L’idée n’est absolument pas de faire un séparatisme homme-femme, de considérer les hommes comme des méchants qui ne se préoccupent de rien, et les femmes qui subissent tout.

Je pense qu’il y a surtout une avancée à faire au niveau de la prise de conscience et de l’éducation sexuelle en général. On a grandi avec un fonctionnement où la responsabilité repose beaucoup sur les femmes, c’est vrai, mais même nous les femmes ne sommes pas aux faits de tout !

Notamment, bien qu’étant accompagnées par des gynécos depuis l’adolescence, je ne peux que constater le manque d’information, encore, sur certaines maladies.

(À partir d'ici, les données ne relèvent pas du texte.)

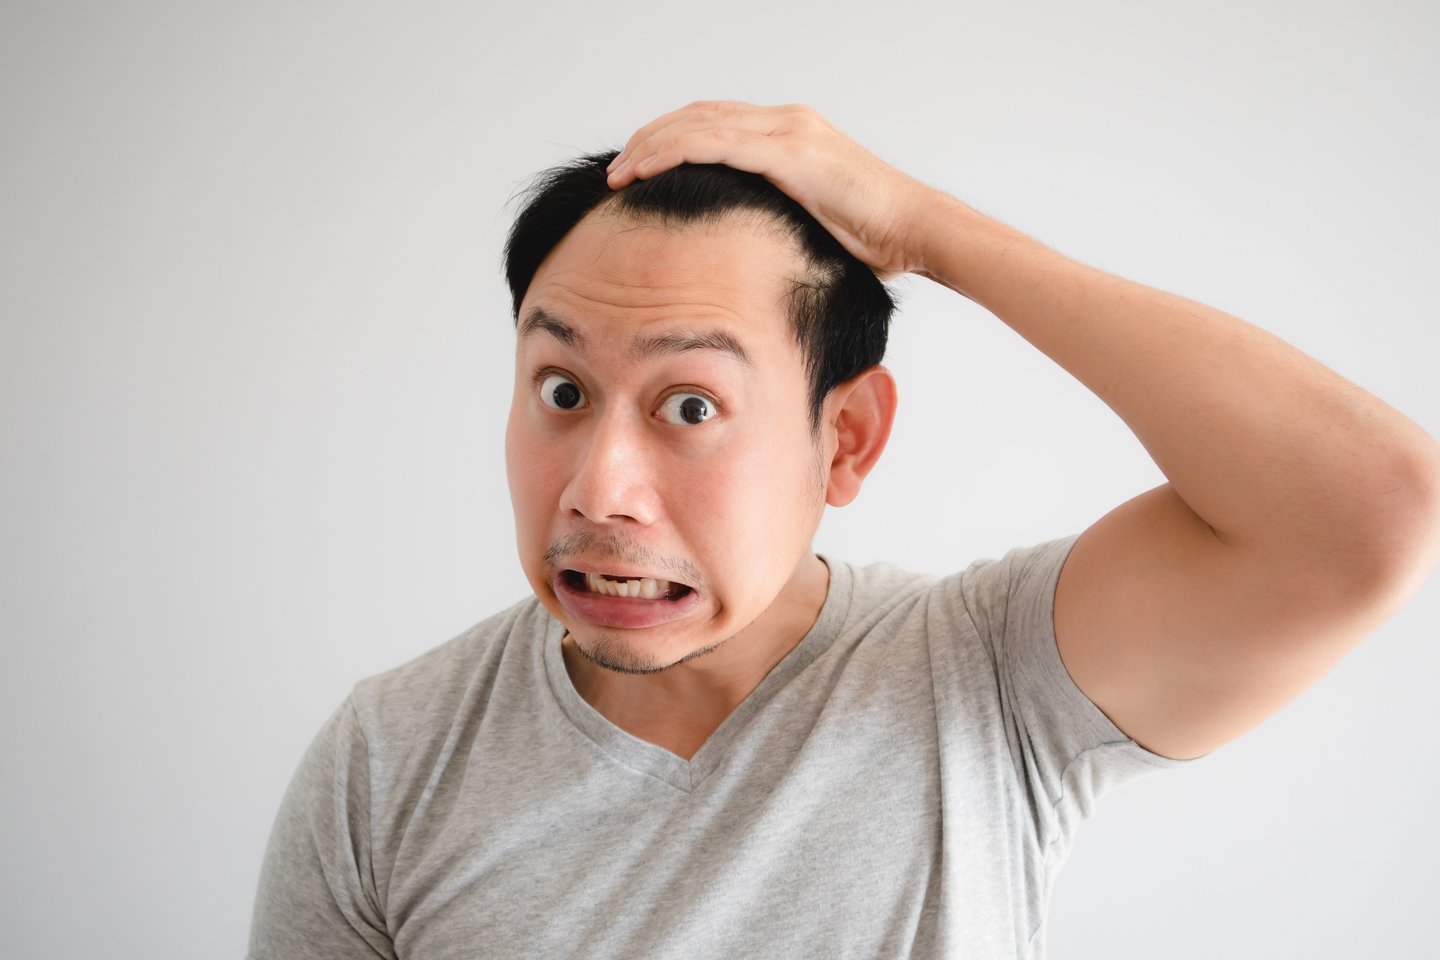 Vis daugiau atsiranda duomenų ir apie dažnėjantį ryškų plaukų slinkimą arba netekimą tarp žmonių, persirgusių COVID–19. <br> 123rf.com nuotr.

Je pense en particulier aux papillomavirus, ces virus qui touchent de plus en plus de personnes autour de moi. Selon les cas, cela peut aller jusqu’à l’opération sous anesthésie générale pour retirer un morceau de col de l’utérus, voire un cancer si ce n’est pas pris en charge. Je n’y connaissais rien aux HPV il y a encore 6 mois, et je suis loin d’être la seule (pourtant on parle de l’utérus !).

Un article top pour se renseigner sur le HPV.

C’est aussi pour ça que je tenais à écrire cet article. Parler de tout ce qui se cache derrière l’usage de la capote, ce que ça veut dire pour moi quand quelqu’un dit « on met pas de capote ». Je trouve que c’est un manque de respect voire de l’irresponsabilité, même si, bien sûr je fais mon max pour ne pas juger et que j’ai parfaitement conscience du manque d’information et de responsabilisation en général. L’idée n’est pas de pointer les gens du doigt.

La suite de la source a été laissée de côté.